- _TASK ITEM_
An exact copy of the data is needed, but without any of its images.

- _SUPPLIED INFORMATION_
>>
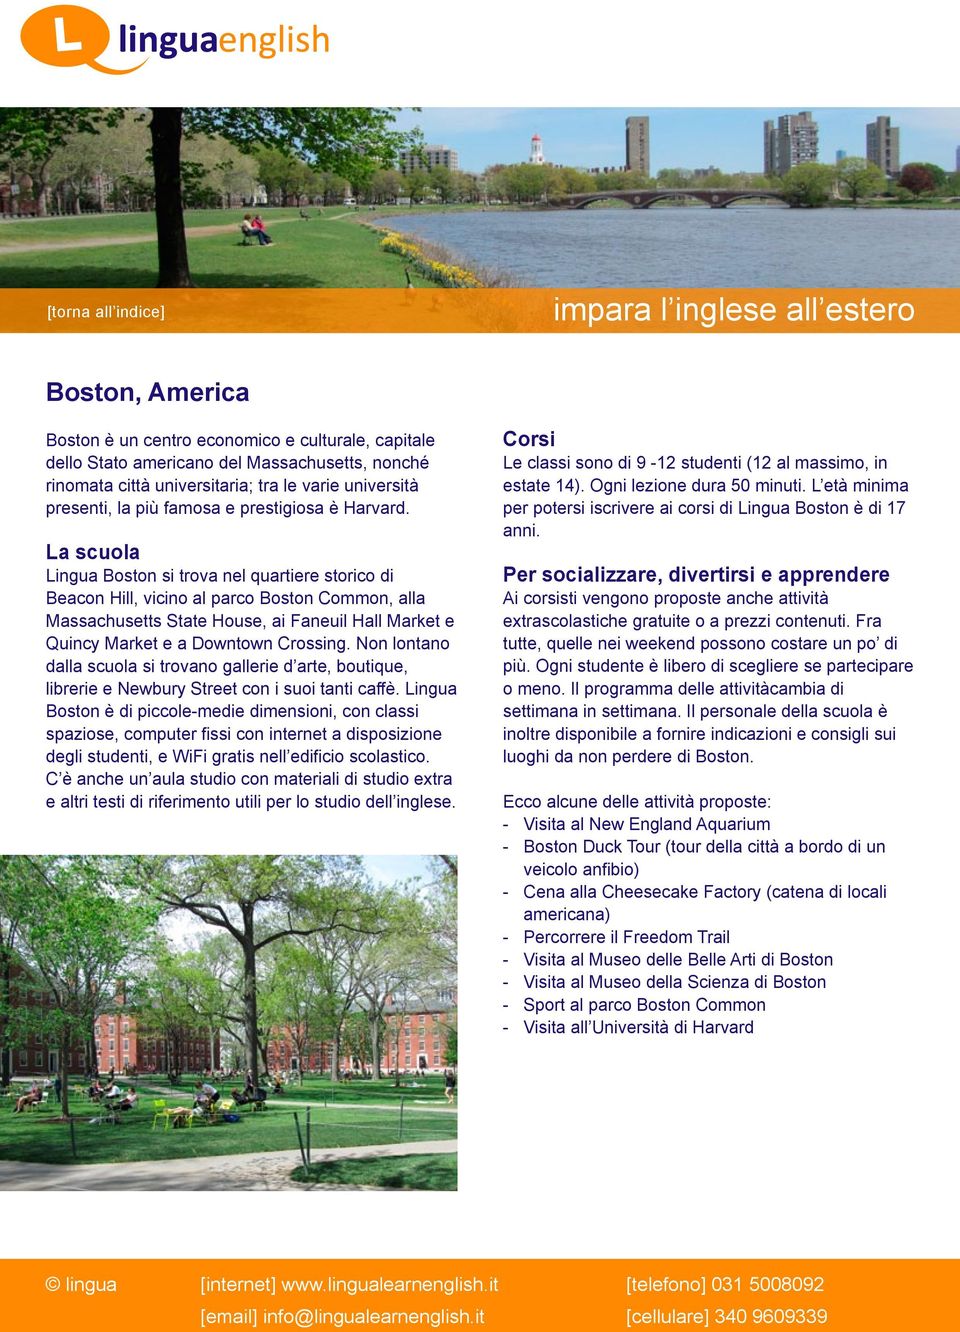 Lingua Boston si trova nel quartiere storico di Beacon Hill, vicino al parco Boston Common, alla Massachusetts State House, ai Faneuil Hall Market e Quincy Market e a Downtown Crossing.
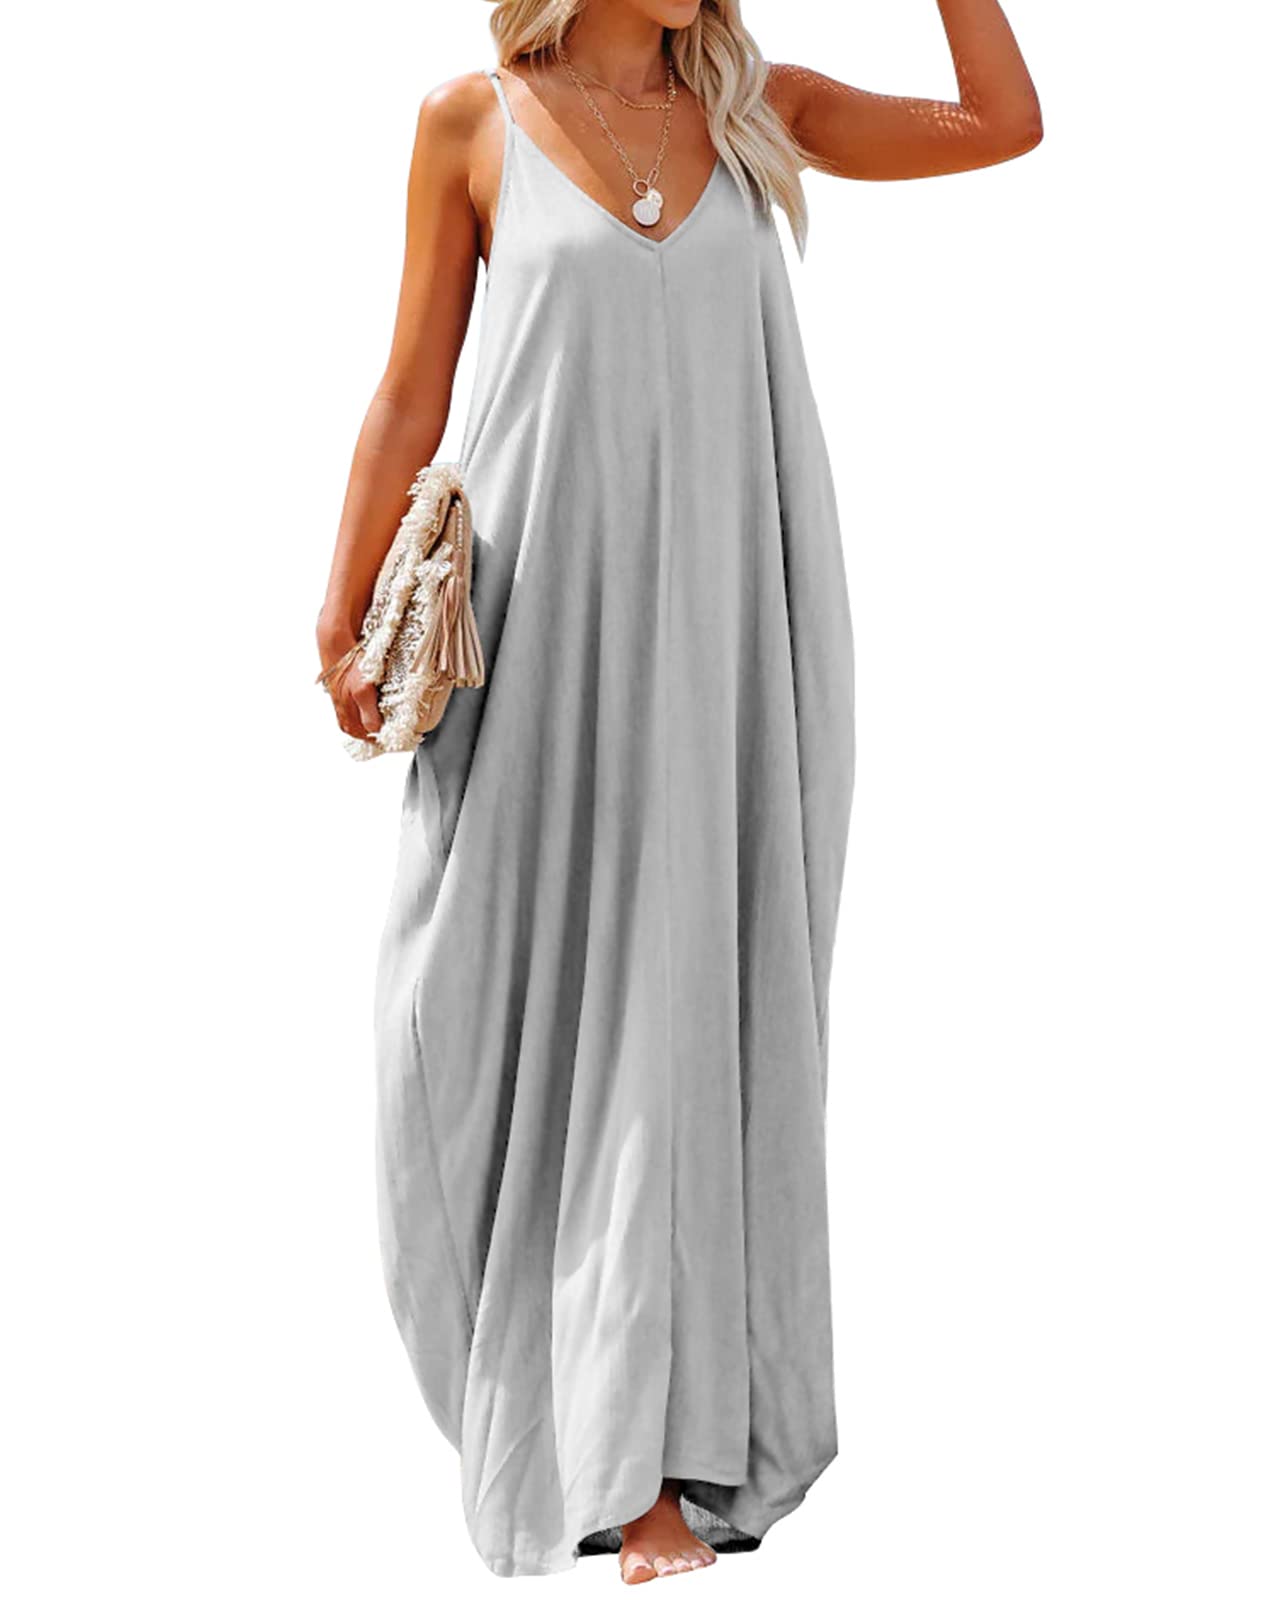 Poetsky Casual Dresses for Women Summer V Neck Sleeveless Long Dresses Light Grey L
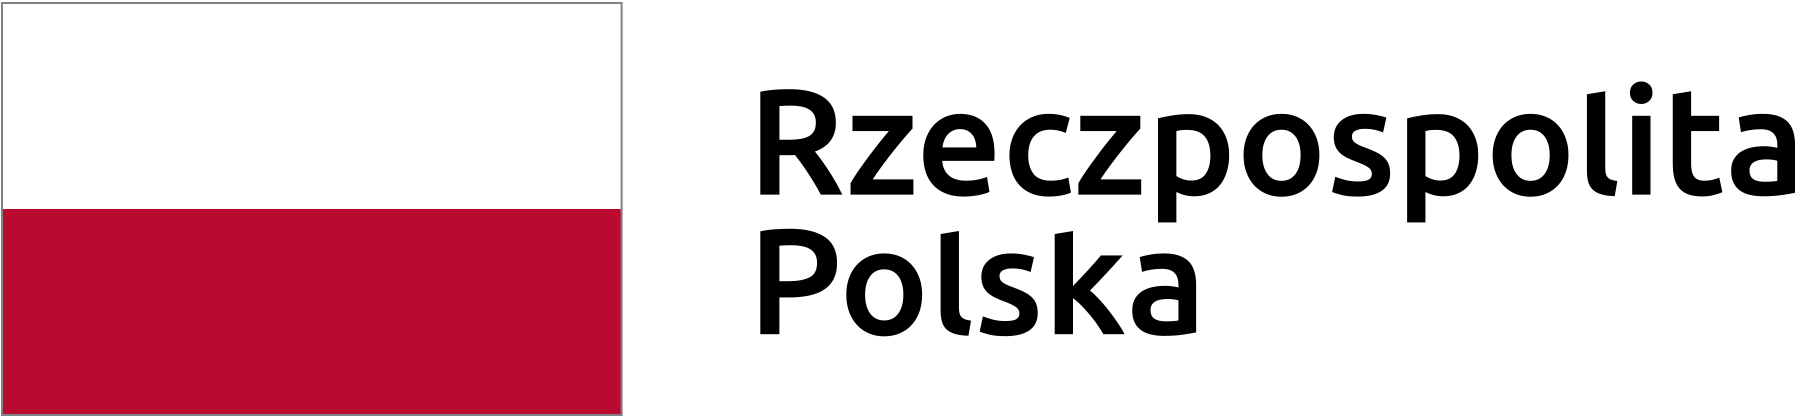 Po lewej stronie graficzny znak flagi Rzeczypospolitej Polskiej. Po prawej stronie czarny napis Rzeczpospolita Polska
<<
- _ANSWER_
 Lingua Boston si trova nel quartiere storico di Beacon Hill, vicino al parco Boston Common, alla Massachusetts State House, ai Faneuil Hall Market e Quincy Market e a Downtown Crossing.
 Poetsky Casual Dresses for Women Summer V Neck Sleeveless Long Dresses Light Grey L
 Po lewej stronie graficzny znak flagi Rzeczypospolitej Polskiej. Po prawej stronie czarny napis Rzeczpospolita Polska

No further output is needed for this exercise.